As all passengers are required to be in Hobart a day or so before departure, some time was available to observe the loading activities. Down at the whare, the sheer size of the cargo to be transported contrasted sharply with the earlier dys of ANARE, with some individual items ranging up to nearly 29 tonnes. Numerous vehicles and huts/shelters were conspicuous as were the number of shipping containers. These containers, some with self-contained refrigeration units, are stacked kup to four layers high on the hatches just forward of the living module. One wondered how this arrangement, which really seemed out of place to the uninitiated, would perform in the turbulent waters of the Southern Ocean. Added to all this was the bulk cargo of nearly one million litres of assorted fuels.

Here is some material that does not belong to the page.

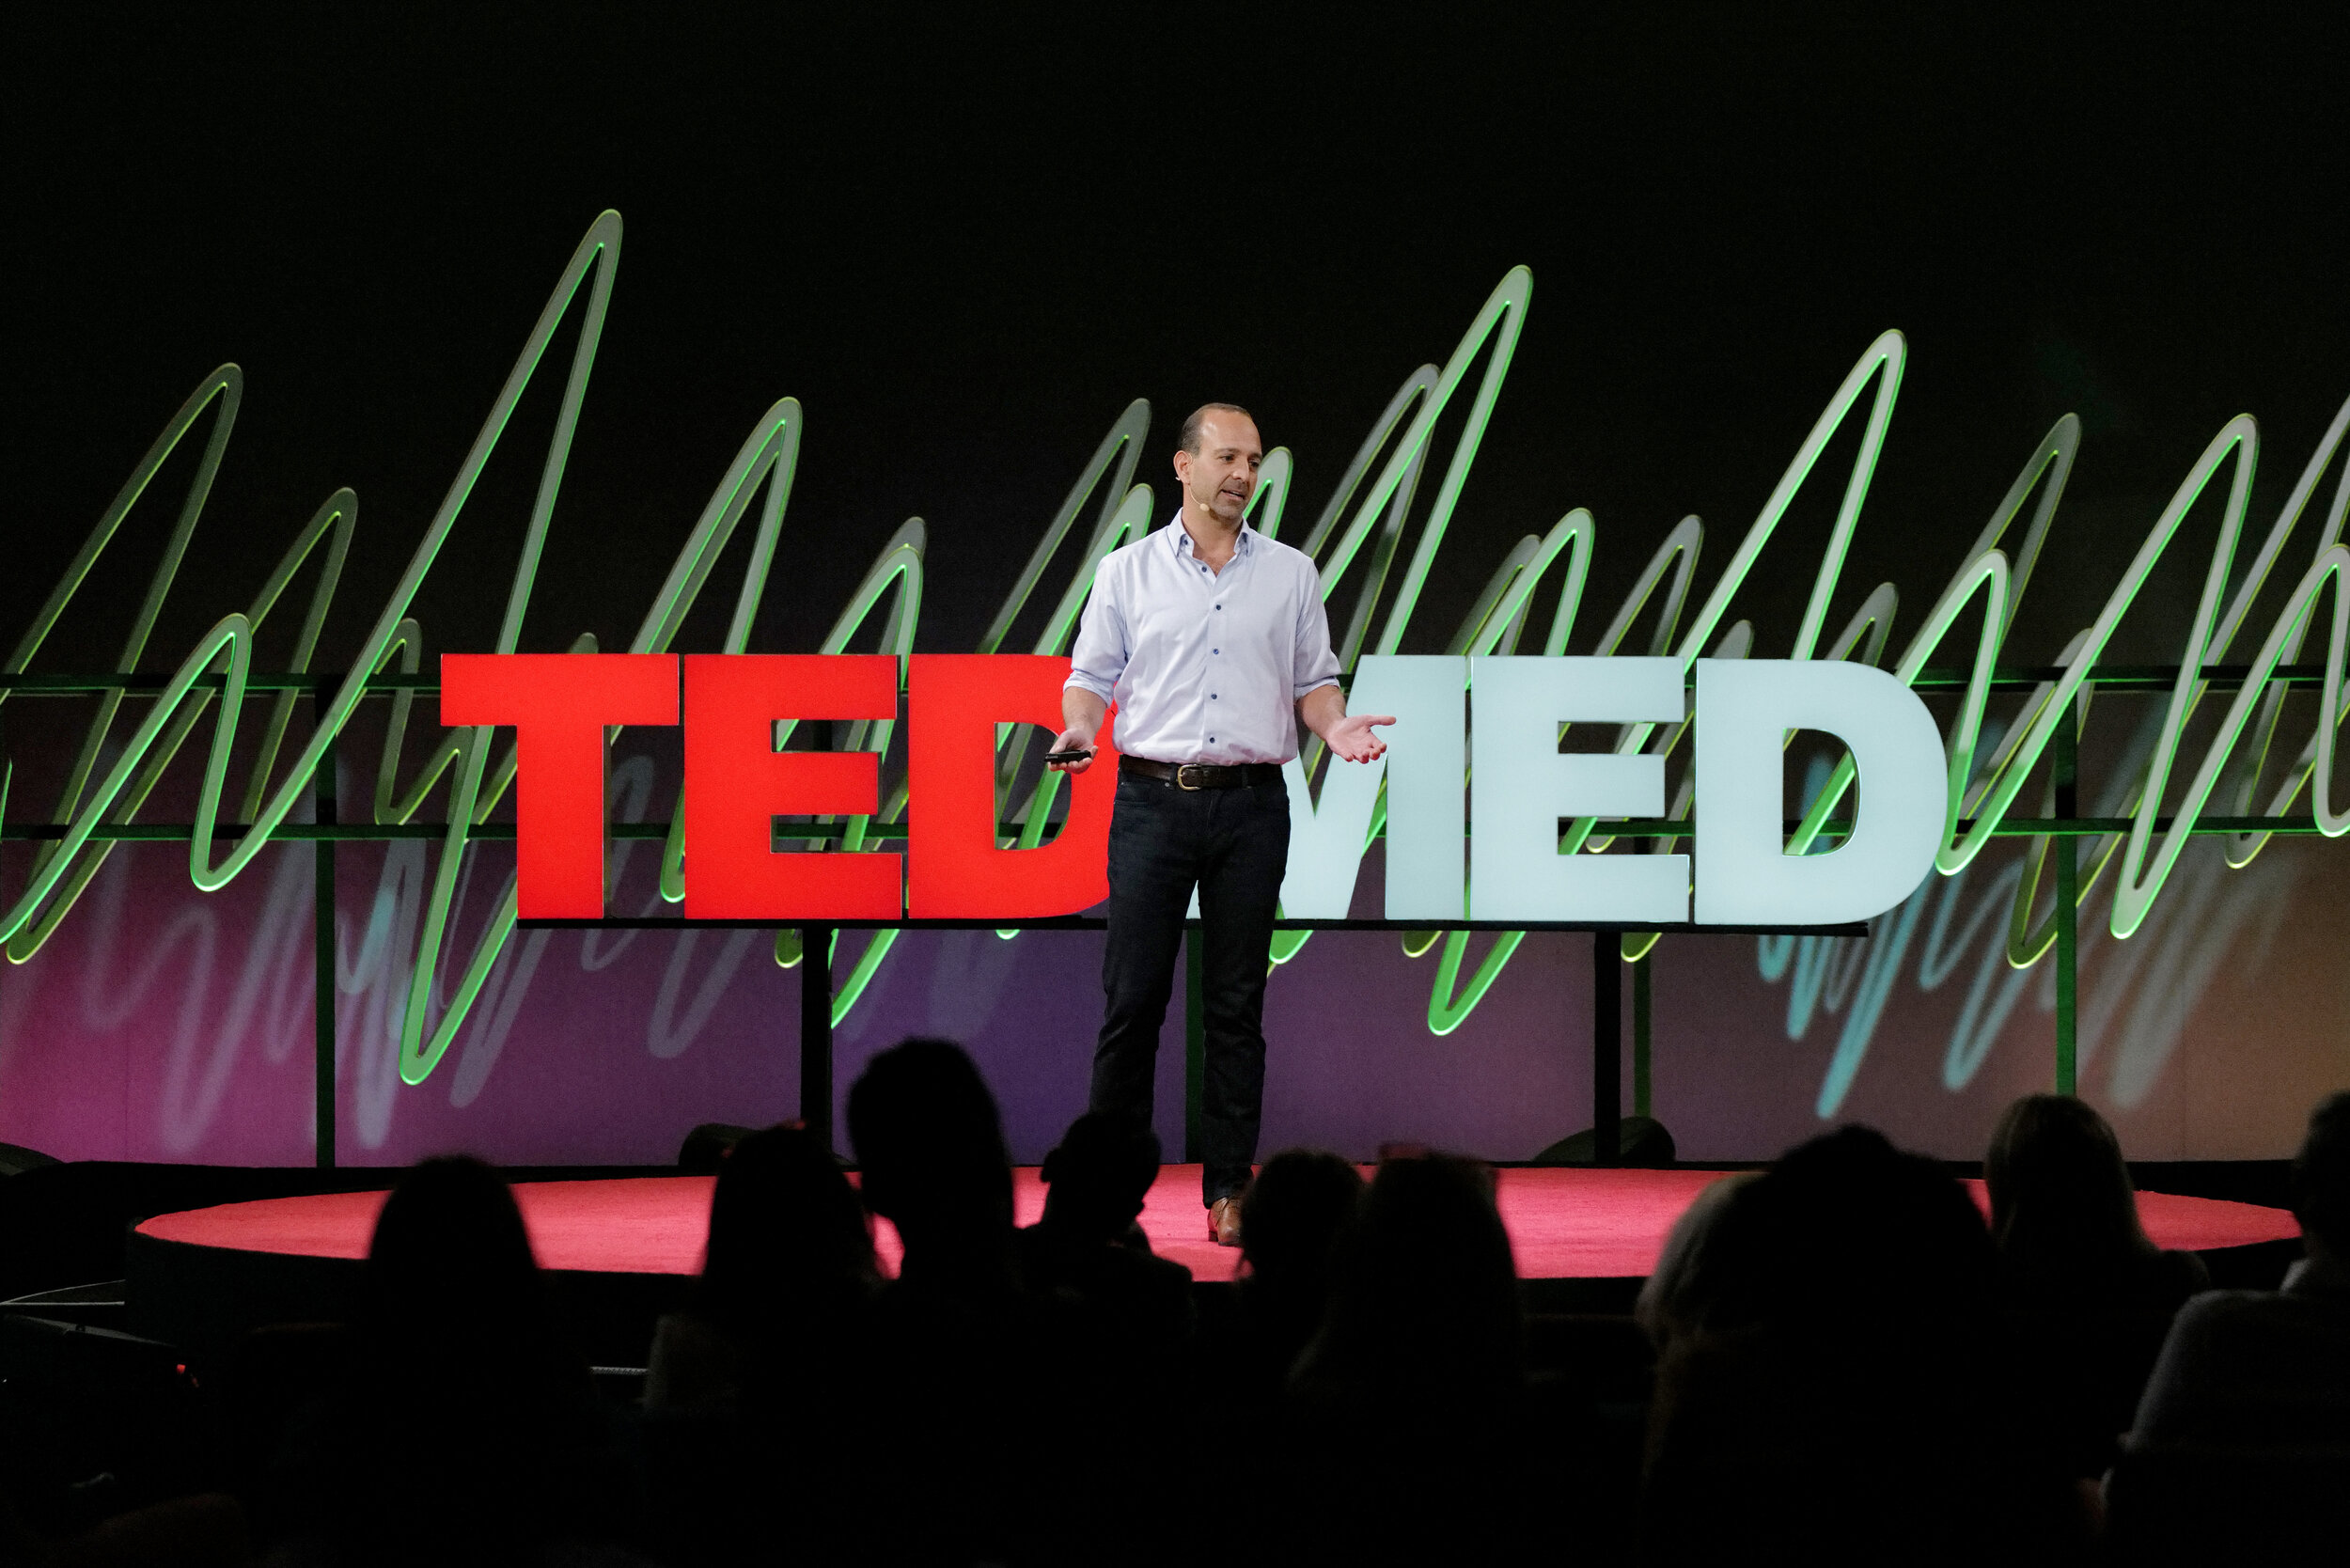  Leor gives a TEDMED talk about HIV TIP technology in Boston, March 2020.

Two days were spend in Hobart which included receiving the kit issue for a round tripper and an extensive briefing; more elaborate that the earlier ANARE ones and with particuklar emphasis on safety at sea. This was reinforced by a compulsory trip on the Derwent in one of the Icebirds four covered life boats. It was a good opportunity to meet some of one’s fellow travellers, including a media component and representatives from the British Broadcasting Corporation. With most of the summer expeditioners and the 1992 winterers already down south, the other passengers, including (in Tim Bowden’s words) ‘a sprinkling of women’, were those with varied projects or reasons fortunate enough to gain a berth. Included were a couple of other vintage expeditioners or ‘old sweats; John Manning from Mawson 1967 and numerous summer survey seasons and Attila Vrana destined to spend 1992 with four others at Heard Island, the first ANARE party to winter there since1954. Both Attila and myself started our Antarctic experience together at Mawson in 1965 and had crossed paths regularly since then. To put that period into today’s perspective, an item returned to Australia on the previous voyage from Casey was part of Old Casey’s kitchen now destined for the museum. We predated that by years. No wonder the ‘old sweats’ on board were knows as the ‘fossils’.

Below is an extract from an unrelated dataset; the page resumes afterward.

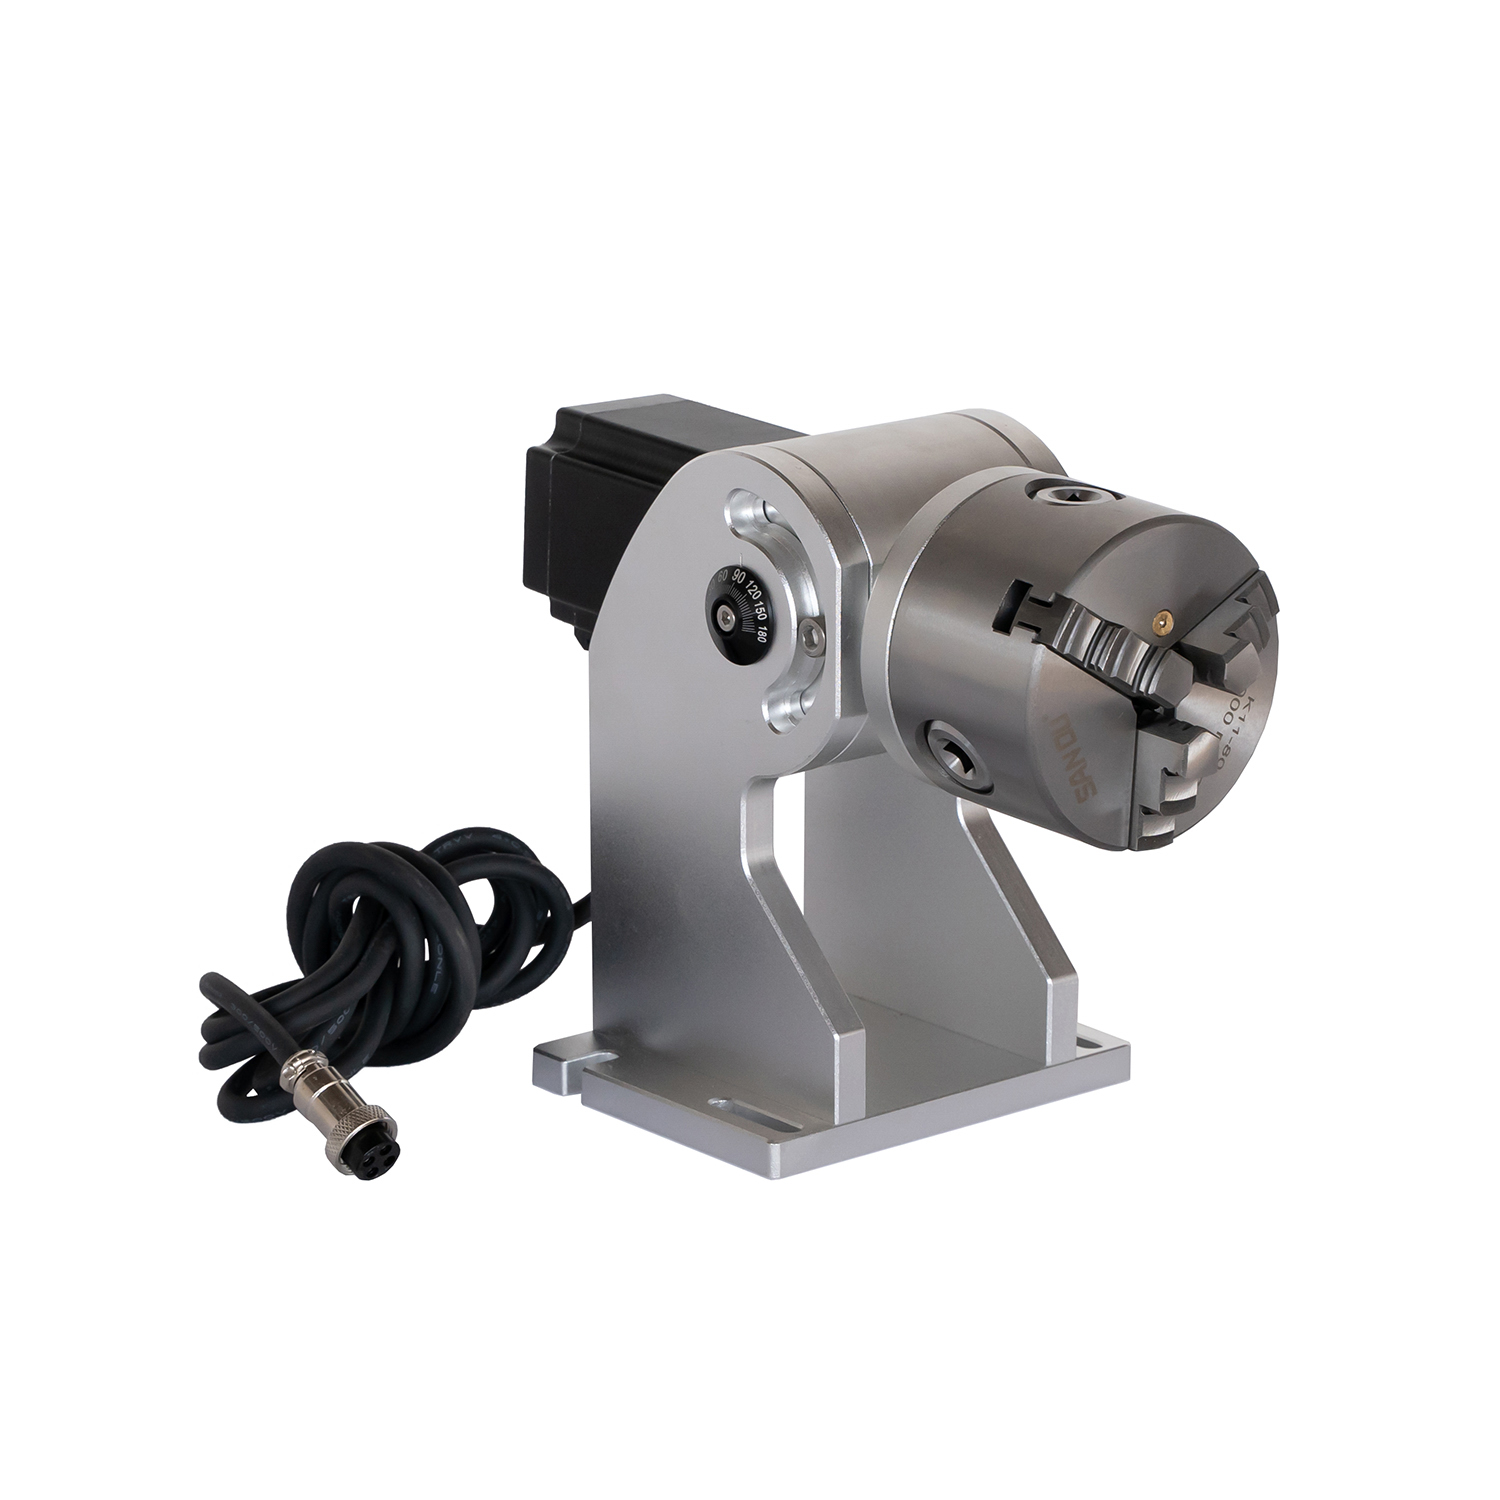 80mm 100mm 125mm 160mm 200mm Rotary Attachment for Fiber CO2 Laser Marking Machine

Finally the record cargo was loaded, resulting in the ship being very low in the water. So low in fact that moderate or heavier seas prevented access to most of the deck including the hold containing ship’s supplies, until smoother seas were encountered. Most of the ship’s movement was in pitching with little rolling but the heavy load proved to be a mixed blessing. The ship’s progress was initrially slow, but it speeded up to its maximum cruising speed on reaching the Antarctic Convergence. The only pack ice encounered was a small amout off Davis.

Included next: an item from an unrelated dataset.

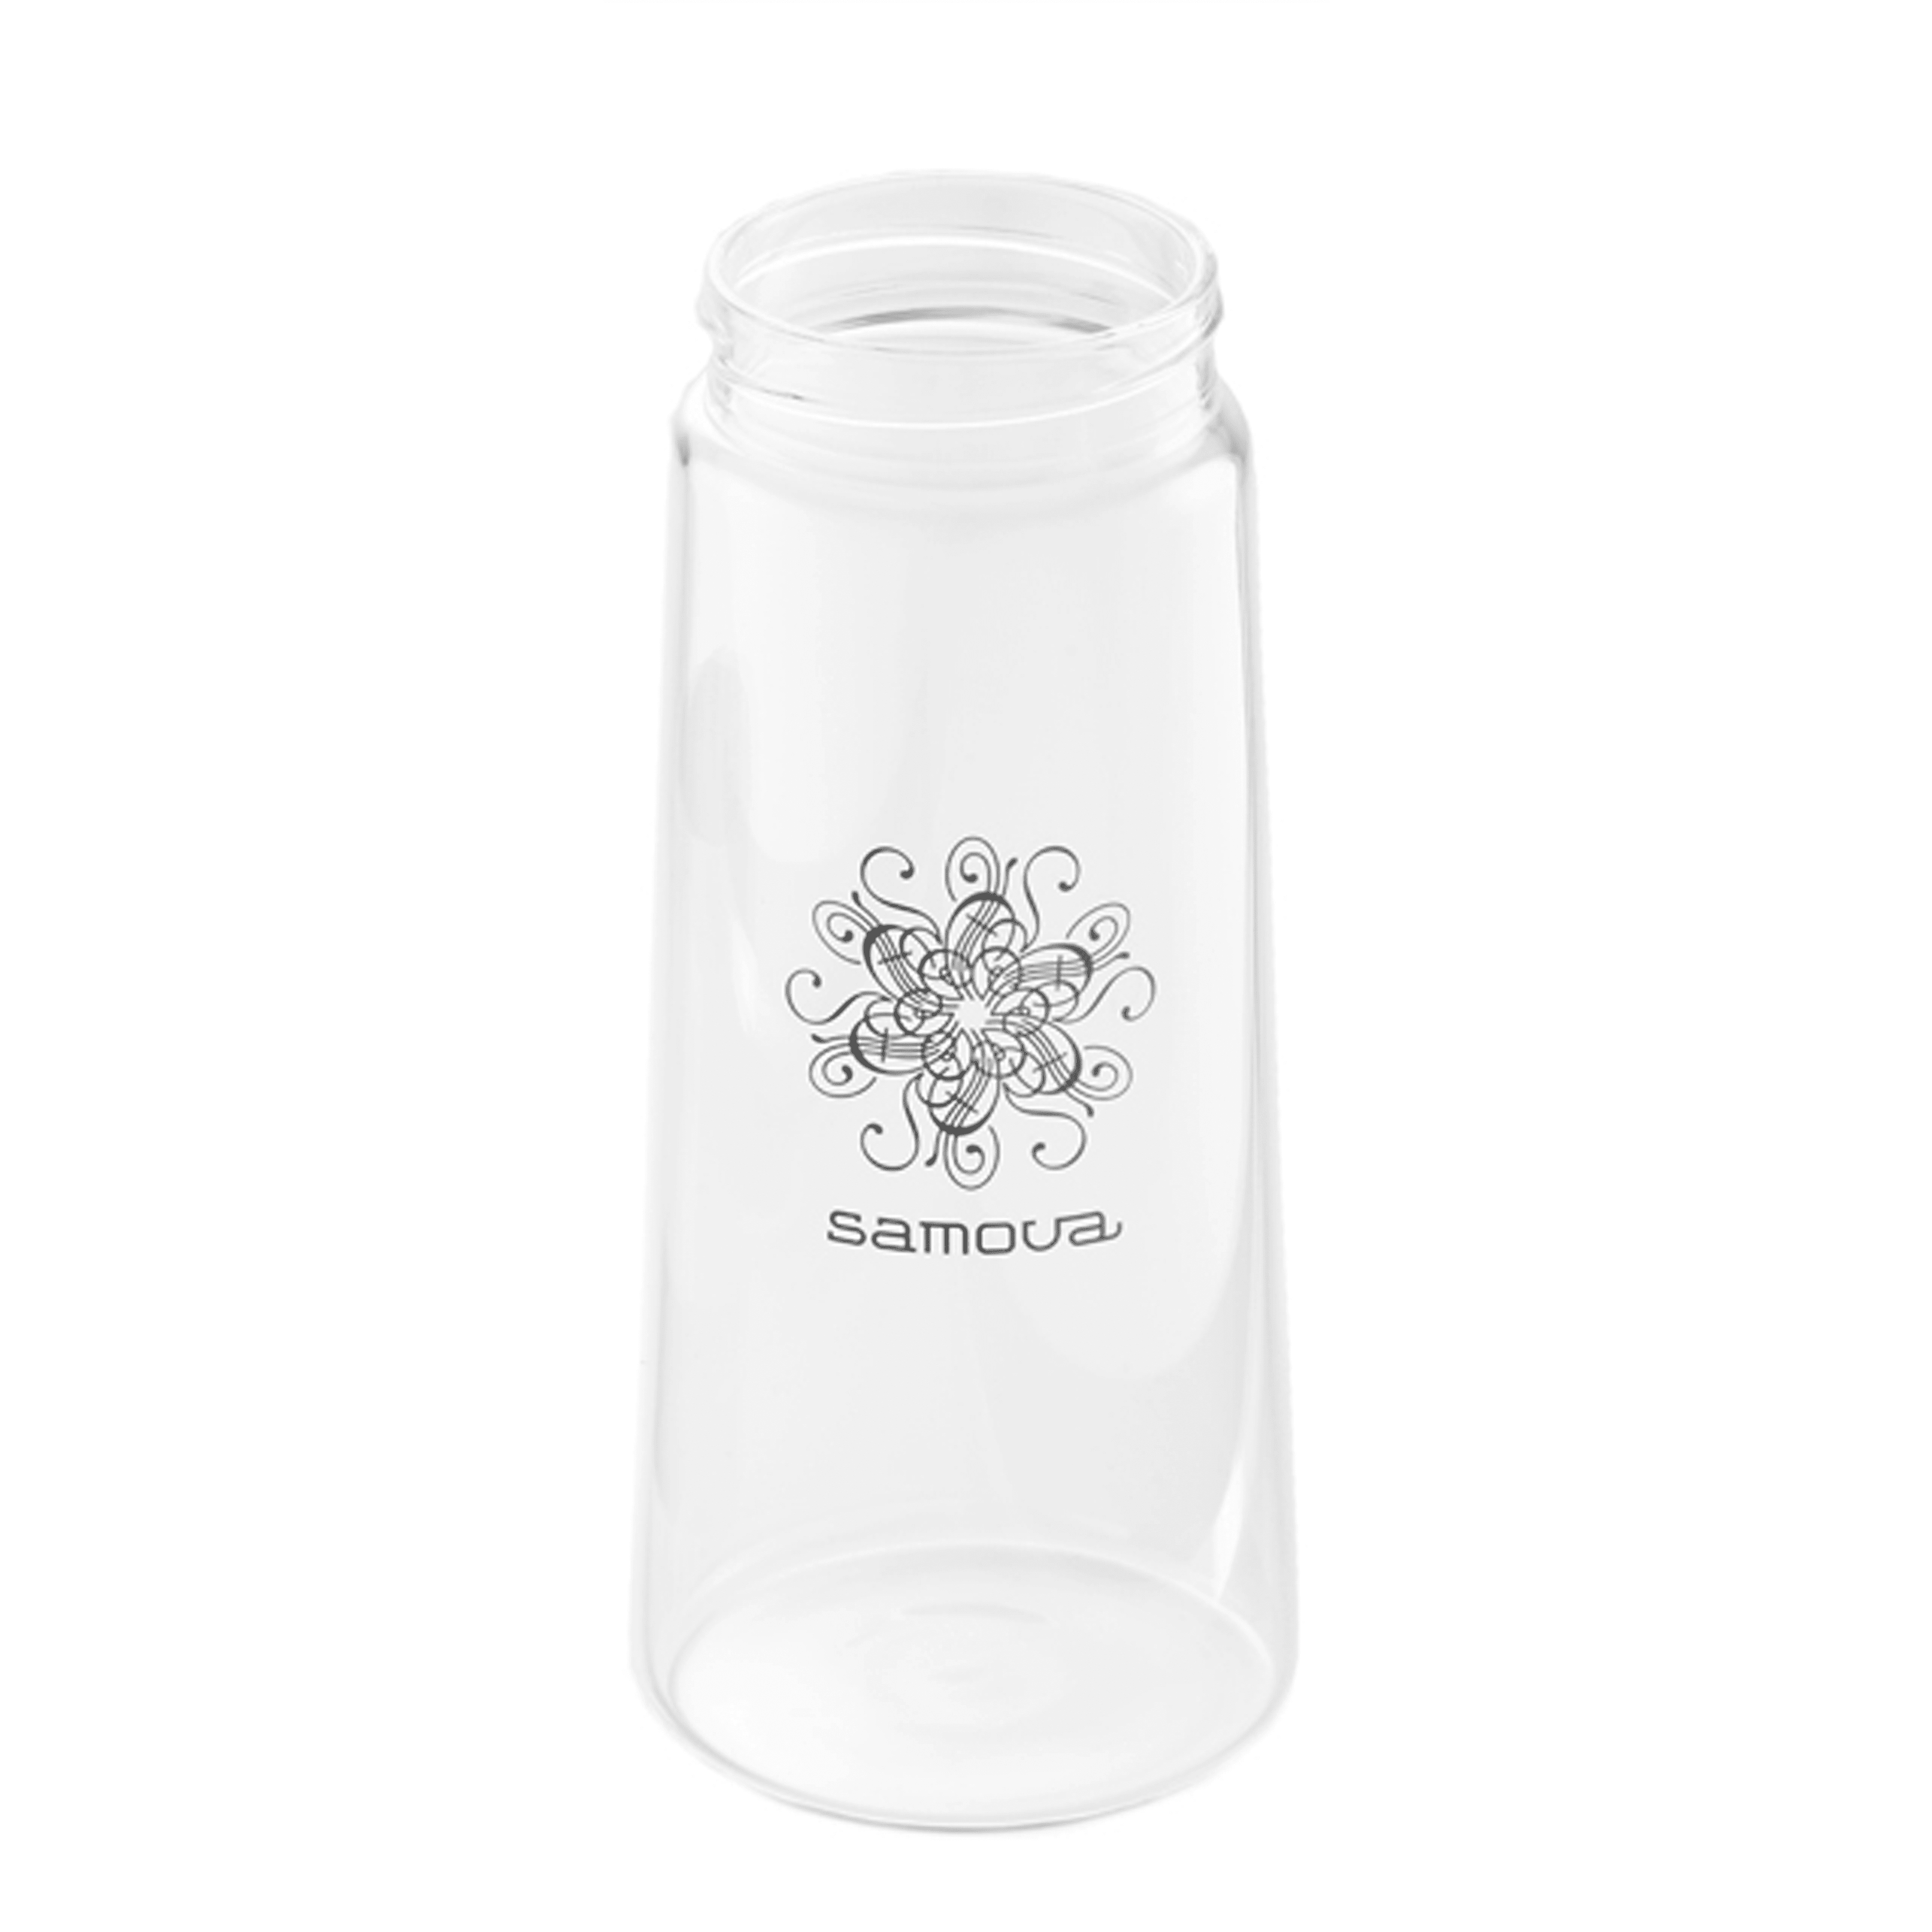 Tea-Jay replacement glass

The voyage into Davis on Sunday 9 February was on one of those balmy days with magnificent weather and conditions. The glistening icebergs gave us a splended welcome to the continent, especially to those who had been up to see the sun rise. The Chinese Antarctic supply ship Ji Di was at the Davis anchorage as there are no long-term moorings available in the Larsemann Hills, site of the Chinese Zhongshan station.